Section 16. Covenant Not To Compete.
The Executive hereby covenants and agrees that, in the event of his termination of employment
with the Bank prior to the expiration of the Employment Period, for a period of one year following
the date of his termination of employment with the Bank, he shall not, without the written consent
of the Company, become an officer, employee, consultant, director or trustee of any savings bank,
savings and loan association, savings and loan holding company, bank or bank holding company, or
any direct or indirect subsidiary or affiliate of any such entity, that entails working within any
city or county in the State of New Jersey or any other county in which the Company or the Bank
maintains an office (“Competitive Market”); provided, however, that this section 16 shall not apply
if the Executive is entitled to the Additional Termination Entitlements.
Page 16 of 24
Section 17. Confidentiality.
Unless he obtains the prior written consent of the Company, the Executive shall keep
confidential and shall refrain from using for the benefit of himself, or any person or entity other
than the Company or any entity which is a subsidiary of the Company or of which the Company is a
subsidiary, any material document or information obtained from the Company, or from its parent or
subsidiaries, in the course of his employment with any of them concerning their properties,
operations
or business (unless such document or information is readily ascertainable from public or
published information or trade sources or has otherwise been made available to the public through
no fault of his own) until the same ceases to be material (or becomes so ascertainable or
available); provided, however, that nothing in this section 17 shall prevent the Executive, with or
without the Company’s consent, from participating in or disclosing documents or information in
connection with any judicial or administrative investigation, inquiry or proceeding to the extent
that such participation or disclosure is required under applicable law.
Section 18. Solicitation.
The Executive hereby covenants and agrees that, for a period of one year following his
termination of employment with the Bank, he shall not, without the written consent of the Company
and the Bank, either directly or indirectly:
(a) solicit, offer employment to, or take any other action intended, or that a reasonable
person acting in like circumstances would expect, to have the effect of causing any officer or
employee of the Company, the Bank or any of their respective subsidiaries or affiliates to
terminate his or her employment and accept employment or become affiliated with, or provide
services for compensation in any capacity whatsoever to, any savings bank, savings and loan
association, bank, bank holding company, savings and loan holding company, or other institution
engaged in the business of accepting deposits or making loans, that conducts business within the
Competitive Market;
(b) provide any information, advice or recommendation with respect to any such officer or
employee to any savings bank, savings and loan association, bank, bank holding company, savings and
loan holding company, or other institution engaged in the business of accepting deposits, or making
loans, that conducts business within the Competitive Market, that is intended, or that a reasonable
person acting in like circumstances would expect, to have the effect of causing such officer to
terminate his employment and accept employment or become affiliated with, or provide services for
compensation in any capacity whatsoever to such other entity;
(c) solicit, provide any information, advice or recommendation or take any other action
intended, or that a reasonable person acting in like circumstances would expect, to have the effect
of causing any customer of the Company to terminate an existing business or commercial relationship
with the Company.
Section 19. No Effect on Employee Benefit Plans or Programs.

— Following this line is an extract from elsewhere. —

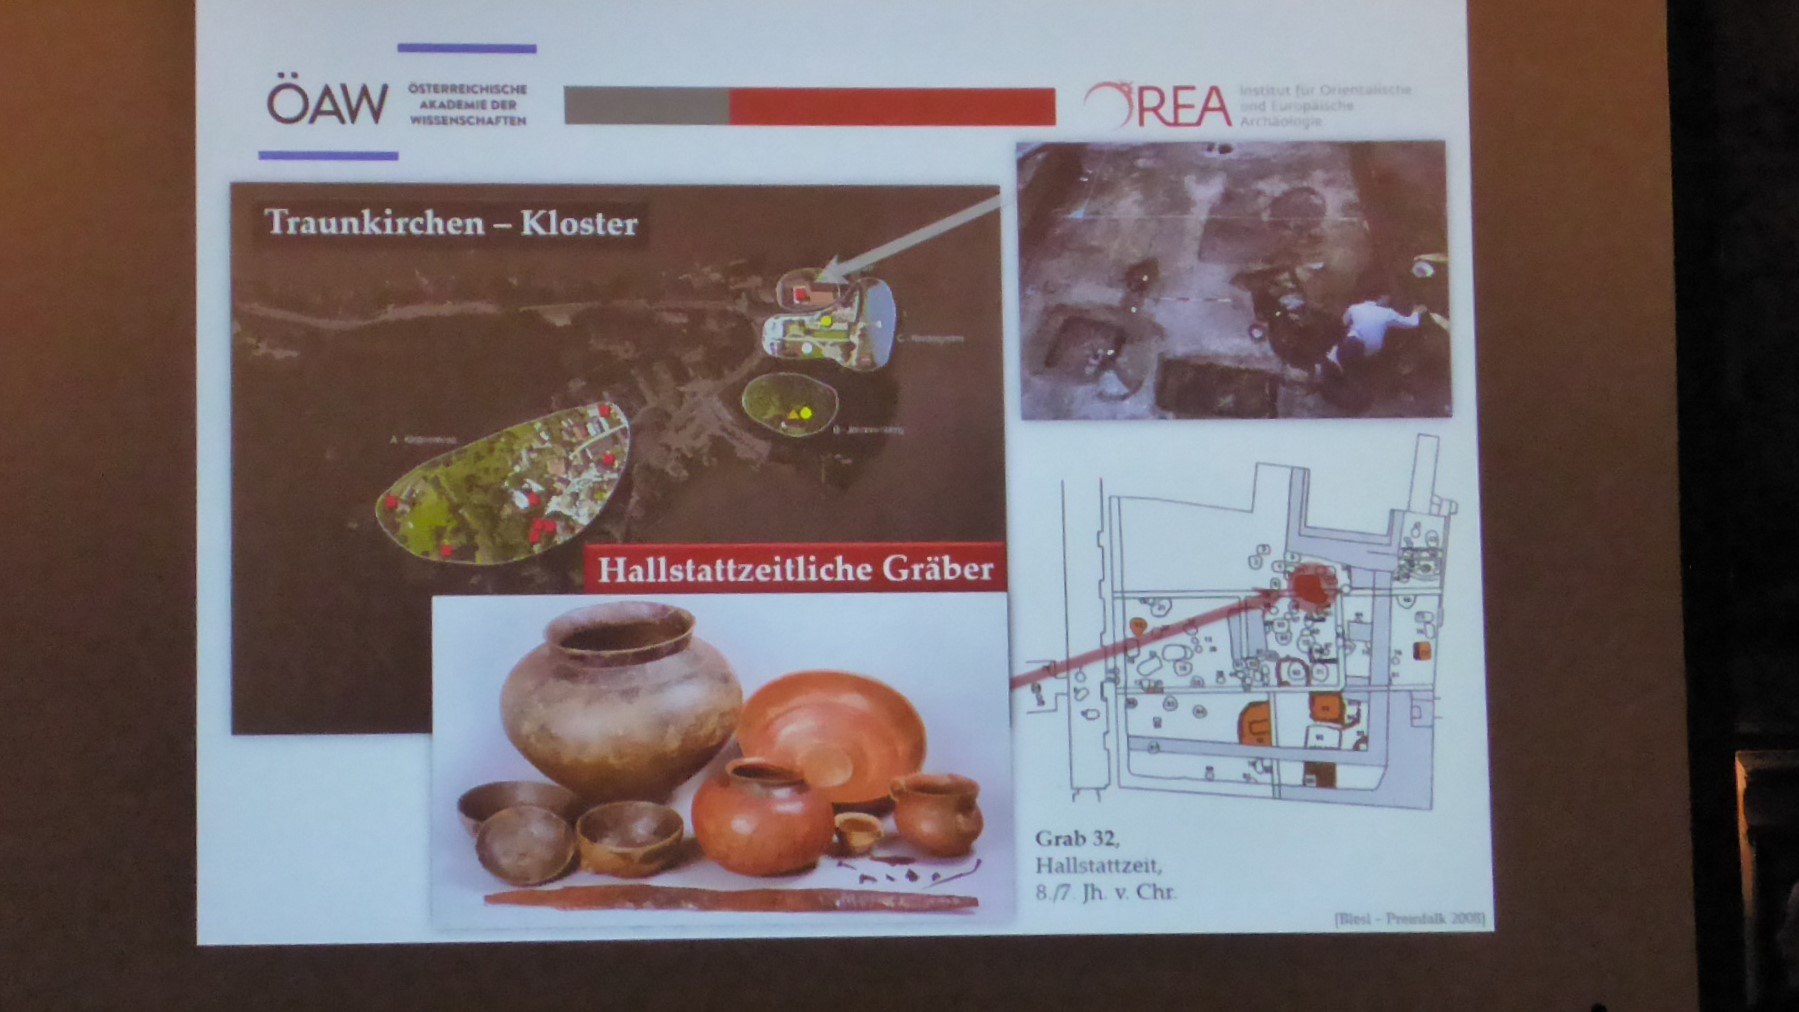 Das Gräberfeld im Kloster bietet Funde aus der Hallstattzeit... ©Norbert Leutner

The termination of the Executive’s employment during the term of this Agreement or thereafter,
whether by the Bank or by the Executive, shall have no effect on the rights and obligations
Page 17 of 24
of the
parties hereto under the Bank’s qualified or non-qualified retirement, pension, savings, thrift,
profit-sharing or stock bonus plans, group life, health (including hospitalization, medical and
major medical), dental, accident and long term disability insurance plans or such other employee
benefit plans or programs, or compensation plans or programs, as may be maintained by, or cover
employees of, the Bank from time to time; provided, however, that nothing in this Agreement shall
be deemed to duplicate any compensation or benefits provided under any agreement, plan or program
covering the Executive to which the Bank is a party and any duplicative amount payable under any
such
agreement, plan or program shall be applied as an offset to reduce the amounts otherwise
payable hereunder.
Section 20. Successors and Assigns.
This Agreement will inure to the benefit of and be binding upon the Executive, his legal
representatives and testate or intestate distributees, and the Bank and its successors and assigns,
including any successor by merger or consolidation or a statutory receiver or any other person or
firm or corporation to which all or substantially all of the assets and business of the Bank may be
sold or otherwise transferred. Failure of the Bank to obtain from any successor its express written
assumption of the Bank’s obligations hereunder at least 60 days in advance of the scheduled
effective date of any such succession shall be deemed a material breach of this Agreement.
Section 21. Notices.
Any communication required or permitted to be given under this Agreement, including any
notice, direction, designation, consent, instruction, objection or waiver, shall be in writing and
shall be deemed to have been given at such time as it is delivered personally, or five days after
mailing if mailed, postage prepaid, by registered or certified mail, return receipt requested,
addressed to such party at the address listed below or at such other address as one such party may
by written notice specify to the other party:
Page 18 of 24
If to the Executive:
000 Xxxxxxxxx Xxxx
Xxxxxxxxx, Xxx Xxxxxx 00000
Xxxxxxxxx, Xxx Xxxxxx 00000
If to the Bank:
Xxxxxx City Savings Bank
West 00 Xxxxxxx Xxxx
Xxxxxxx, Xxx Xxxxxx 00000-0000
West 00 Xxxxxxx Xxxx
Xxxxxxx, Xxx Xxxxxx 00000-0000
Attention: Chairman, Human Resources Committee
with a copy to:
Xxxxxxx Xxxxxxxx & Wood llp
Xxx Xxxxx Xxxxxxxxx Xxxxxx
Xxx Xxxx, Xxx Xxxx 00000
Xxx Xxxxx Xxxxxxxxx Xxxxxx
Xxx Xxxx, Xxx Xxxx 00000
Attention: W. Xxxxxx Xxxxxx, Esq.
Section 22. Indemnification for Attorneys’ Fees.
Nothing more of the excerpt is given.